This is No 30 of Oxford Monographs on Medical Genetics. It discusses various demographic features of Arabs, selected disease entity among Arabs, genetic disorders in Arab countries and geographic regions, as well as cultural and religious attitudes to genetic issues. It provides an explanation of the important observation that there are many reports of genetic diseases in Arab populations. This could be explained by the large families and high level of consanguinity which increase the frequency of autosomal recessive conditions. In addition, with control of infectious diseases, genetic disorders will become a more prevalent problem.

Until now, the exact size of the problem of genetic diseases was not known because of lack of epidemiological population based studies. However, there are several case reports and hospital based studies that indicate an increasing number of genetic diseases. Some of these were described first in Arab populations, for example, limb/pelvis, hypoplasia/aplasia syndrome described in a Palestinian family from Kuwait; subsequently reports came from other countries including Brazil and Italy.

No source of information has collected these reports in a systematic way, hence the importance this book which helps researchers in getting information on genetic diseases among Arab populations.

One would expect more description of genetic diseases in different Arab countries with advanced health care and improved laboratory technology. Therefore, revision and updating of this book are expected in the future because the subject is changing rapidly.
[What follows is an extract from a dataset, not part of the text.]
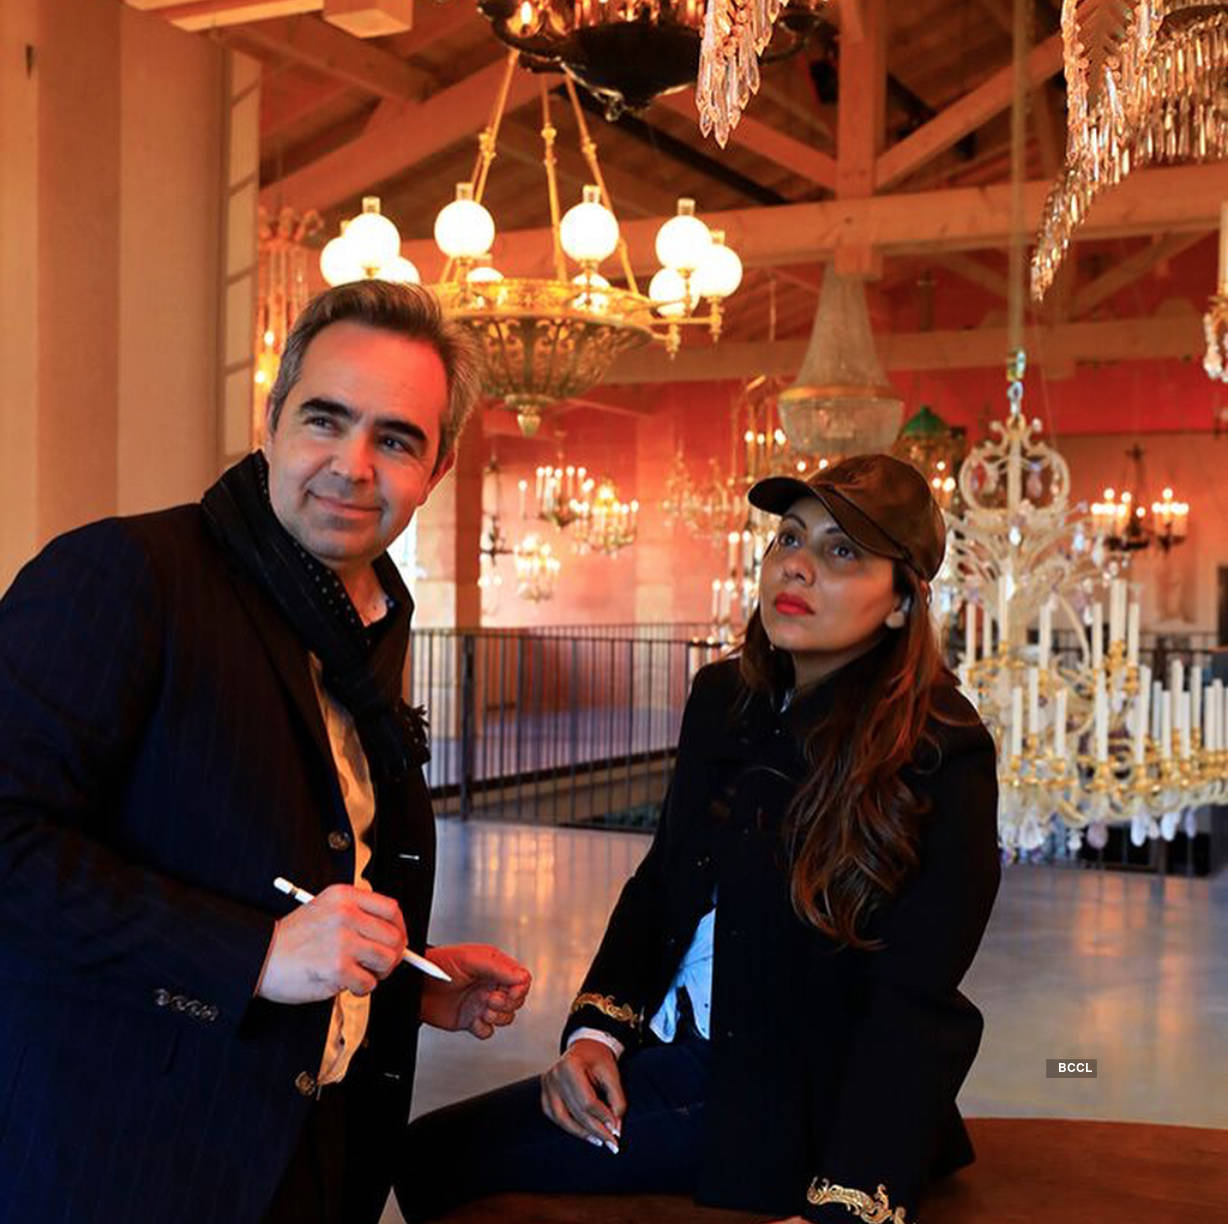 Gauri Khan at her creative best while designing a chandelier for the iconic Mathieu Lustrerie in Paris

As a paediatric neurologist, I found the book very useful, in particular the chapter on new syndromes first reported among Arabs. More than 100 new single gene syndromes are described. Chapters on genetic disorders among the bedouin and cultural aspects are important for all doctors treating patients with genetic disorders. The chapters are based on the geography of Arab countries resulting in some repetition.

The editors have tried to cover the subject as broadly as possible but I think that coverage for certain diseases was not optimum, for example, endocrine and kidney disorders, congenital adrenal hyperplasia and congenital nephrosis, which are observed in certain Arab tribes. Similarly, the coverage of genetic and metabolic disorders in Saudi Arabia was also not complete, since Saudi Arabia is the origin of all tribal migration to other Arab countries. Many inborn errors of metabolism have been described from Saudi Arabia, for example in a special supplement of Developmental Medicine and Child Neurology in April 1991.

Despite these limitations the book provides a good source of information regarding genetic diseases in Arab countries. It is a good reference book for paediatricians, geneticists, neurologists, and other medical specialists in Arab countries as well as physicians from other countries who may face a medical problem in Arab patients and who may not be aware that these rare genetic diseases do occur in Arab populations frequently.